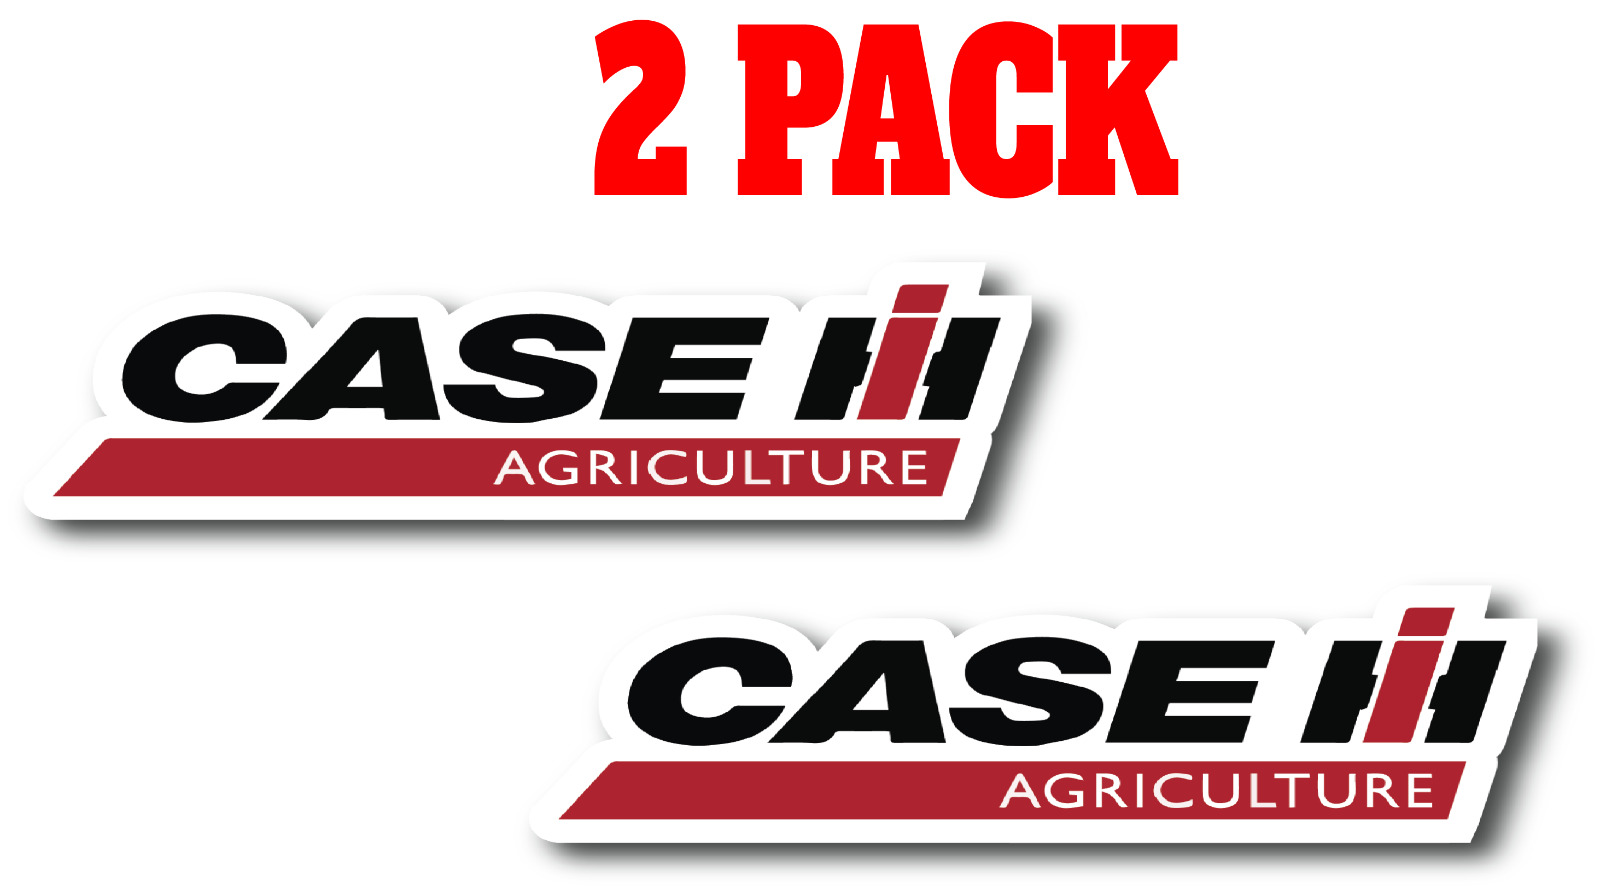 Case IH Agriculture Premium Vinyl Decal / Sticker 2 Pack - Farm Equipment Logo
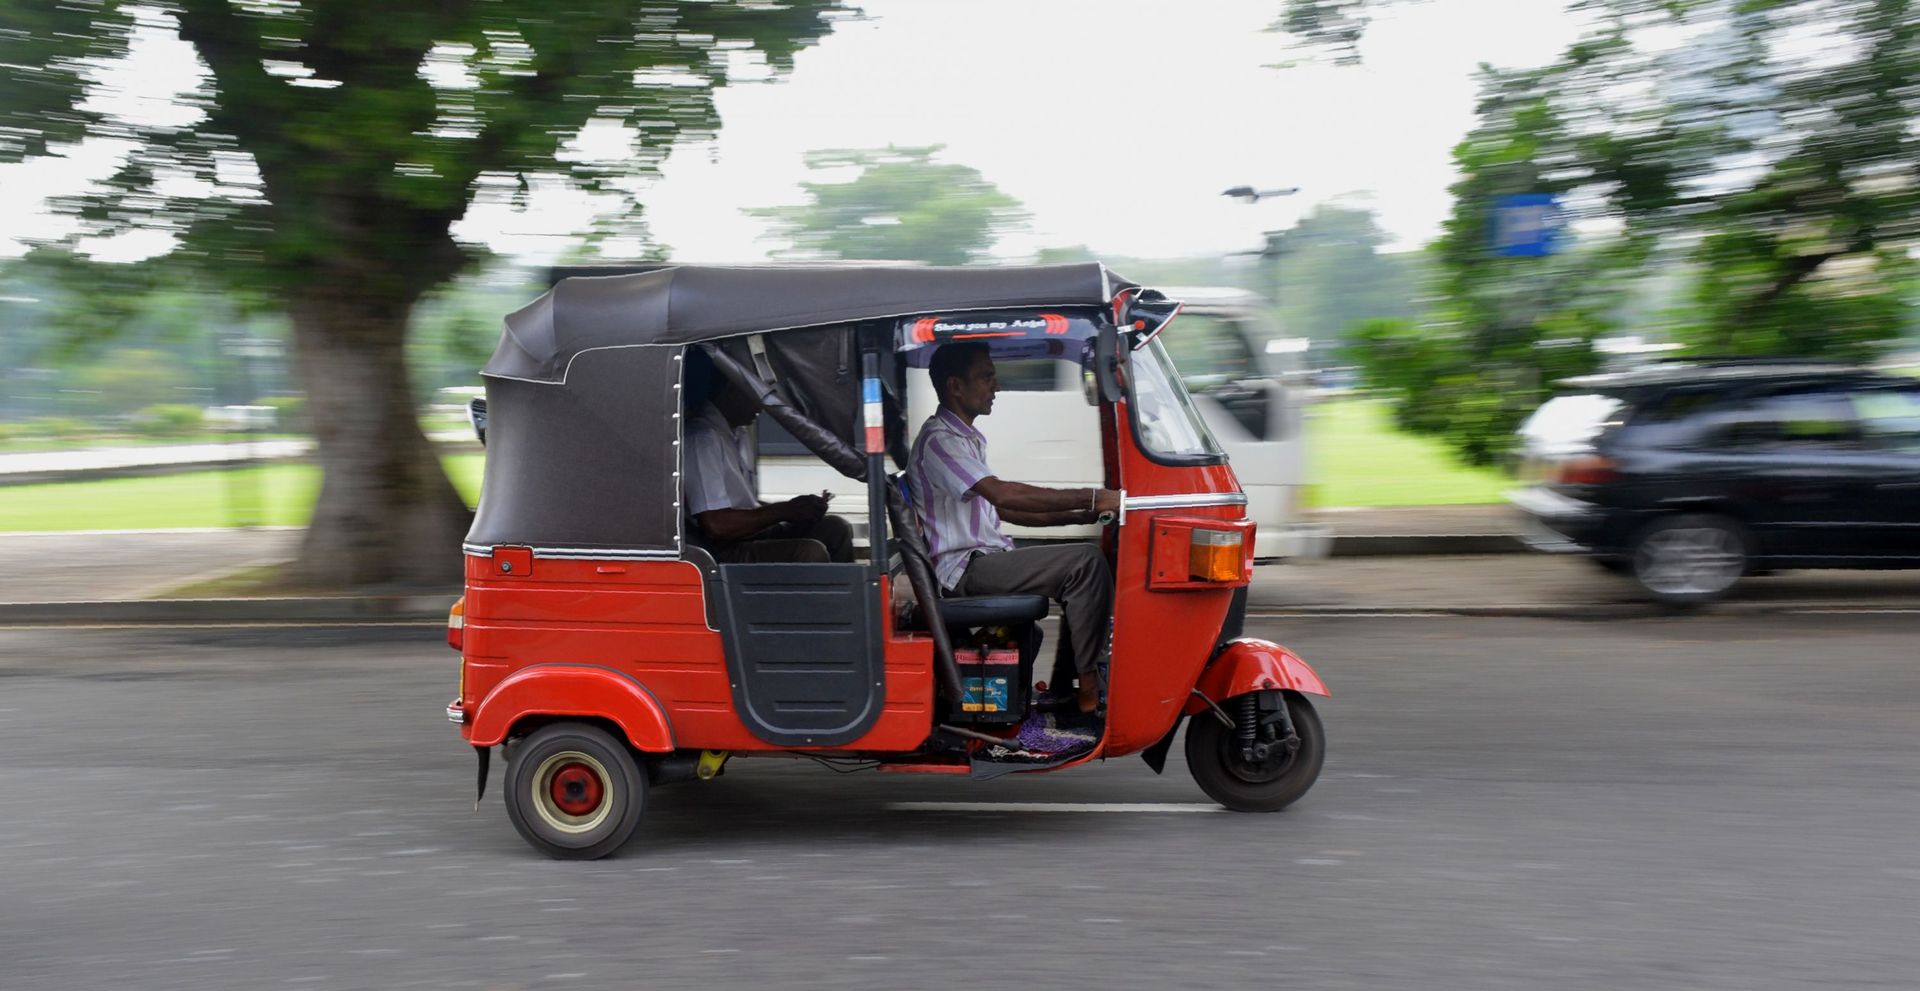 Un homme srilankais conduit un taxi à trois roues, appelé tuk-tuk, dans la ville de Colombo
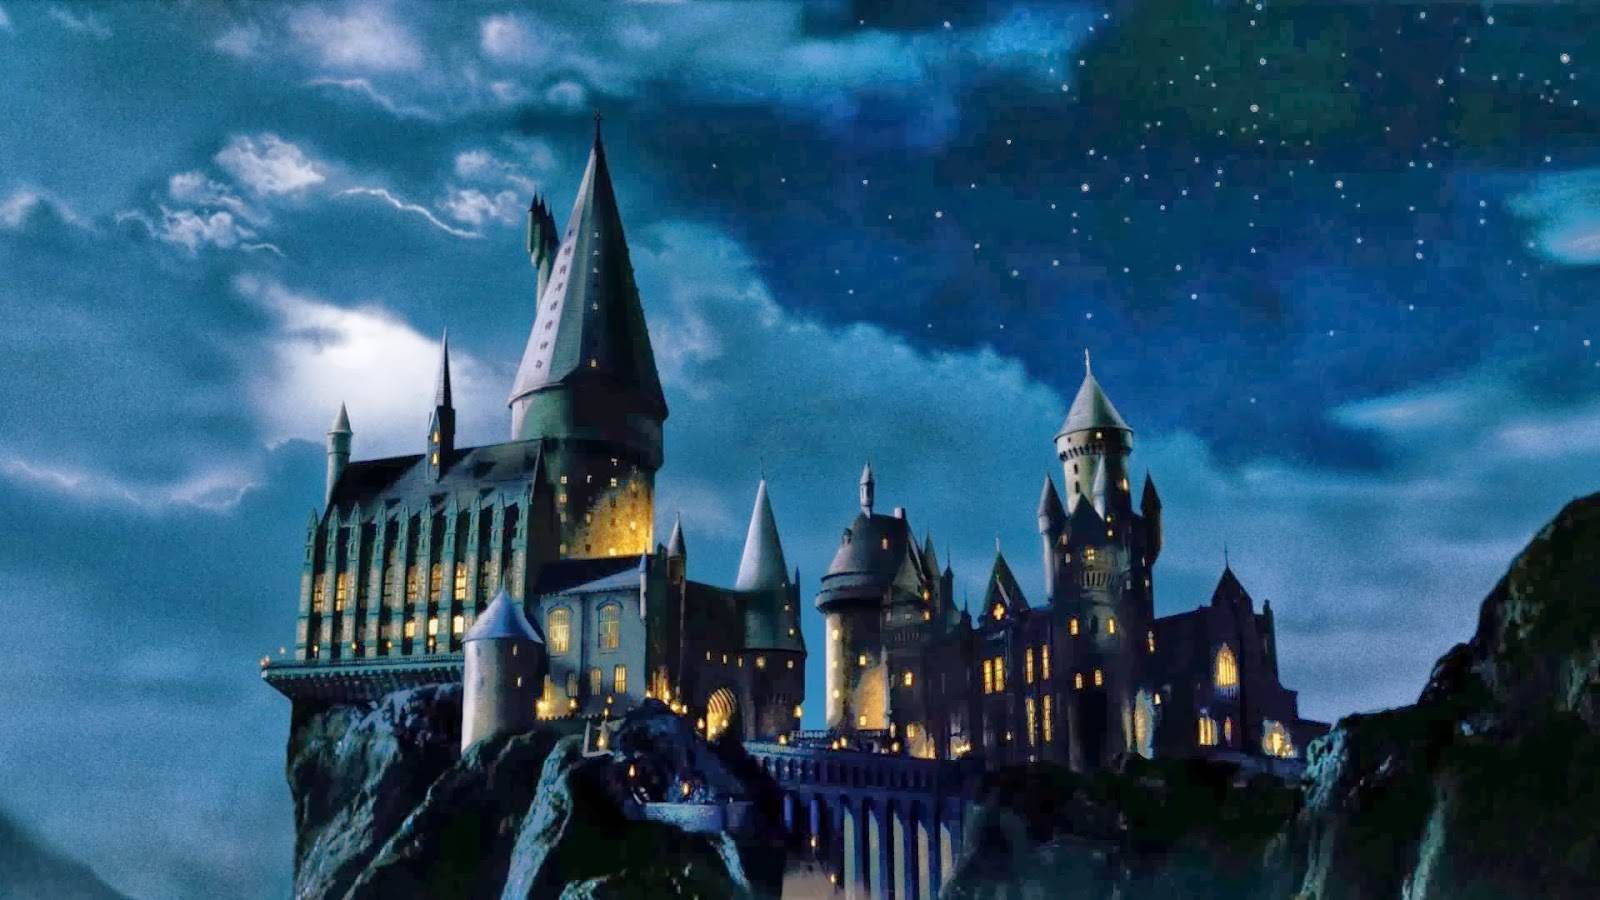 Hình nền Hogwarts Harry Potter trên WallpaperDog - Một trong các hình nền phong phú về Harry Potter được tìm thấy trên WallpaperDog, Hình nền Hogwarts Harry Potter sẽ khiến bạn trải nghiệm những giây phút đầy màu sắc và huyền bí tại trường phù thủy.

____

* _Problem details_:
Would you please copy the listing exactly, omitting every picture?

* _Answer for the task_:
 Case IH Agriculture Premium Vinyl Decal / Sticker 2 Pack - Farm Equipment Logo
 Un homme srilankais conduit un taxi à trois roues, appelé tuk-tuk, dans la ville de Colombo
 Hình nền Hogwarts Harry Potter trên WallpaperDog - Một trong các hình nền phong phú về Harry Potter được tìm thấy trên WallpaperDog, Hình nền Hogwarts Harry Potter sẽ khiến bạn trải nghiệm những giây phút đầy màu sắc và huyền bí tại trường phù thủy.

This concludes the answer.